Август несколько секунд бешено глядел на него. Рявкнул:
– Знаю! – и положил трубку.
Телефон тут же позвонил.
– Да! Да! Делаем все, что можем. Нет, гарантировать не могу. А вот не могу, и все. Так и передайте. Помощь? Требуются детекторы генетических кодов – двести или триста штук. Их можно снять с аэродромных опознавателей. Ну так получите разрешение! Нажмите на правительство!
Бросил трубку, повернулся массивным телом:
– С кем вы, Симеон?
Тон был чрезвычайно опасный. Я выпрямился.
– Я ни с кем. Я наблюдатель, – внешне спокойно ответил Симеон.
Они прямо впились друг в друга глазами. Я был готов ко всему. Я знал Августа. Если он решил стрелять, то он будет стрелять. Его не остановят никакие законы, никакие процессы, никакие скандальные сообщения в газетах. Поэтому он и занимался особыми акциями. Но Август, вероятно, решил, что стрелять еще рано, – как-то потускнел, сказал брюзгливо:
– МККР запрашивает, можем ли мы гарантировать, что возьмем профессора в течение двух суток. На это время они собираются растянуть переговоры. Понял, Павел, почему начались выступления? Теперь профессор не в коробке у «саламандр». Теперь он работает на себя. И очень торопится – пока его не захлопнули снова.
Я молчал. А что было говорить? Ведь именно я, пусть невольно, способствовал освобождению профессора Нейштадта.
– По-настоящему, следовало бы тебя отстранить. – Август не смотрел на меня. – Но нет людей. И нет времени. – Сделал внушительную паузу, придавая вес своим словам. – Займемся Боннаром. Сегодня утром его обнаружили. Симеон, у вас готова кассета? Давайте!
Симеон притушил свет. На экране возникло лицо Боннара. Он улыбался. Рядом мигала дата.
– Ему было двадцать девять лет, – зачем-то сказал Август.
Я подумал, что мне тоже двадцать девять. Совпадение не радовало.
Фотографию Боннара сменила длинная улица для промышленного транспорта. По обеим сторонам ее поднимались гладкие стены из непрозрачного стекла. Камера показала их ничего не отражающую поверхность, потом – цифровой индекс под выпуклым глазом осветителя.
– Восточный район города, – сказал Август. – Заводской сектор, самая окраина. Линия скоростных перевозок. Не представляю, как его туда занесло.
Я тоже не представлял. На автоматических линиях, за исключением ремонтных бригад, людям было запрещено появляться: поток шел с громадной скоростью, защитная автоматика не гарантировала безопасность случайного пешехода.

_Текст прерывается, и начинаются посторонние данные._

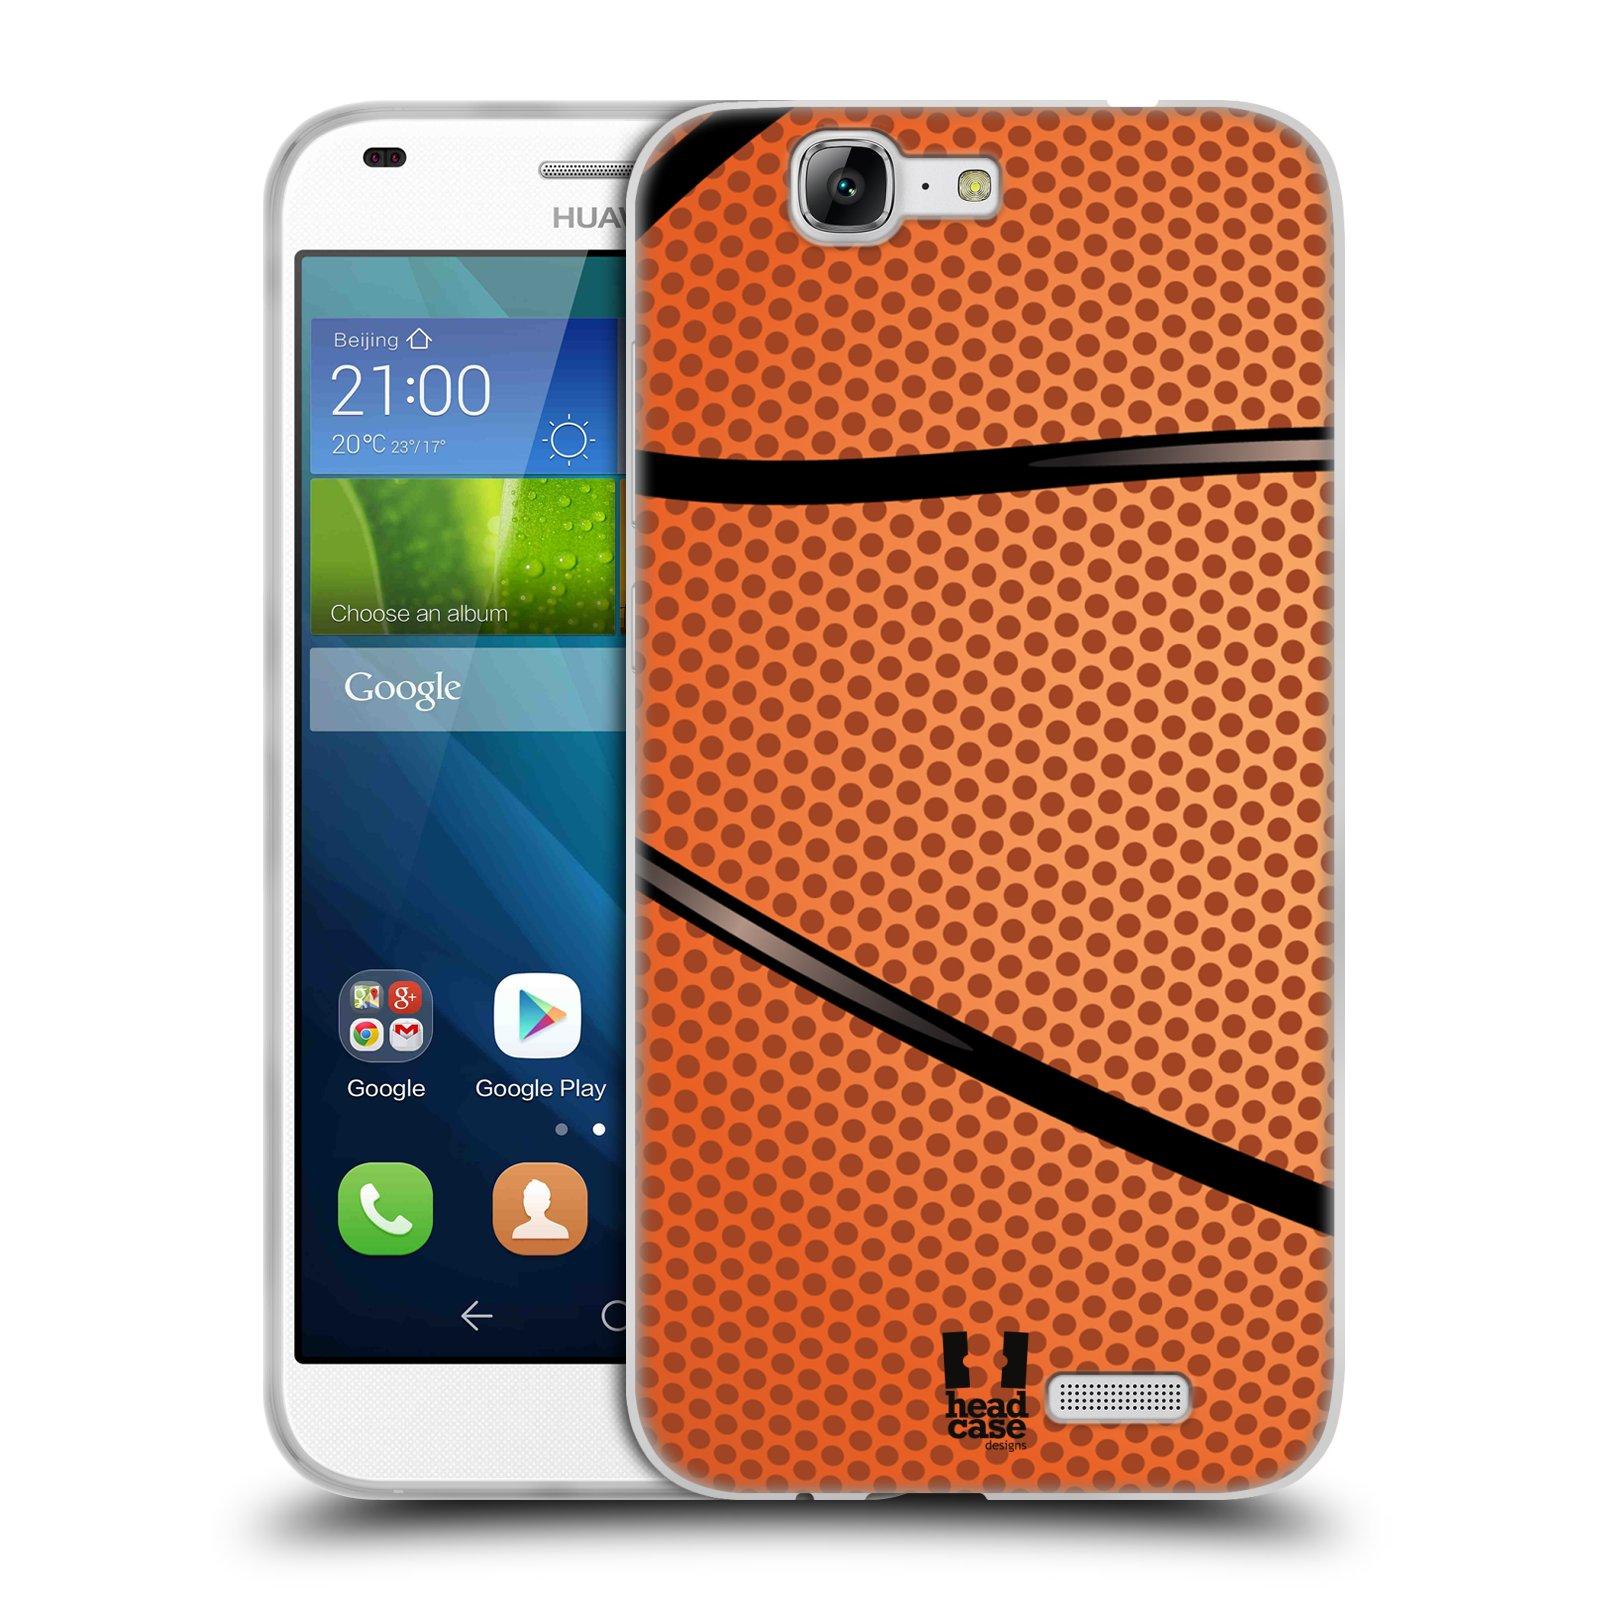 Silikonové pouzdro na mobil Huawei Ascend G7 HEAD CASE BASKEŤÁK (Silikonový kryt či obal na mobilní telefon Huawei Ascend G7)
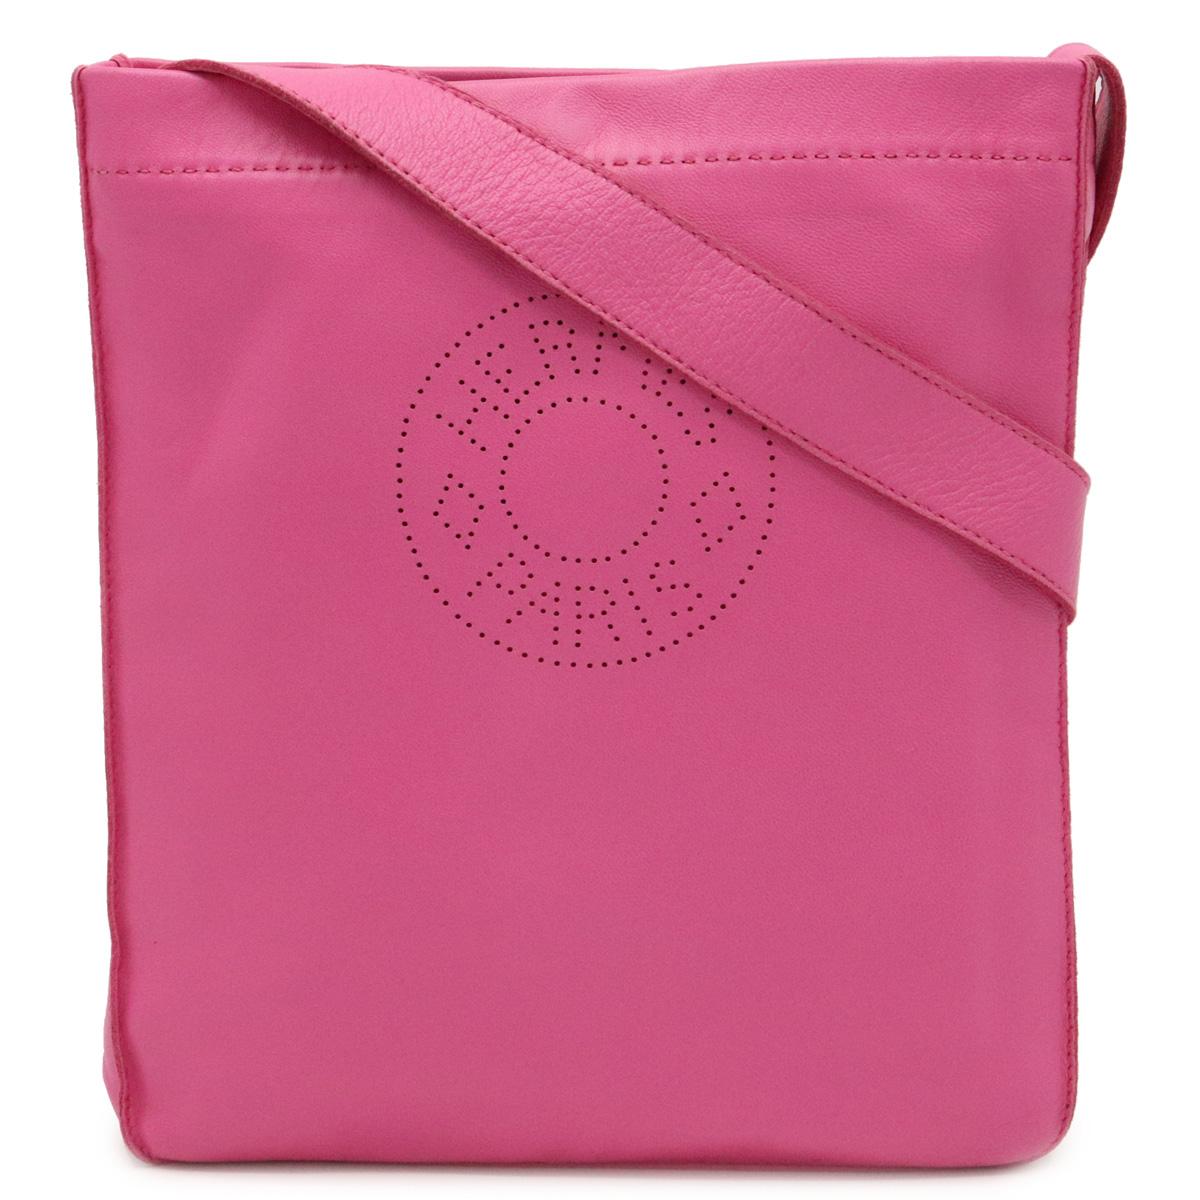 【バッグ】HERMES エルメス クルードセル ショルダーバッグ 斜め掛け ポシェット ラムスキン ピンク □O刻印 【中古】

Только очень серьезная причина могла заставить Боннара забраться в эту путаницу туннелей, где каждые две секунды с ревом пролетал над землей громадный грузовой контейнер.
– Внешняя охрана его пропустила, – сказал Август. Почему – этого у автомата не спросишь. Внутренний контроль зафиксировал присутствие человека на полосе. Прибыл дежурный – уже поздно. Сразу вызвали нас.
Боннар лежал на мостовой, ничком, выкинув вперед руки. Над ним согнулись полицейские.
– Самоубийство? – спросил я.
– Самоубийство, – сказал Август. – Он бросился между контейнерами.
– Все-таки он фантом?
– Да. Здесь мы ошиблись. Мы были обязаны предвидеть тот случай, когда кто-то из нас окажется фантомом. – Попросил, не оборачиваясь: – Симеон, будьте любезны, поставьте зондаж.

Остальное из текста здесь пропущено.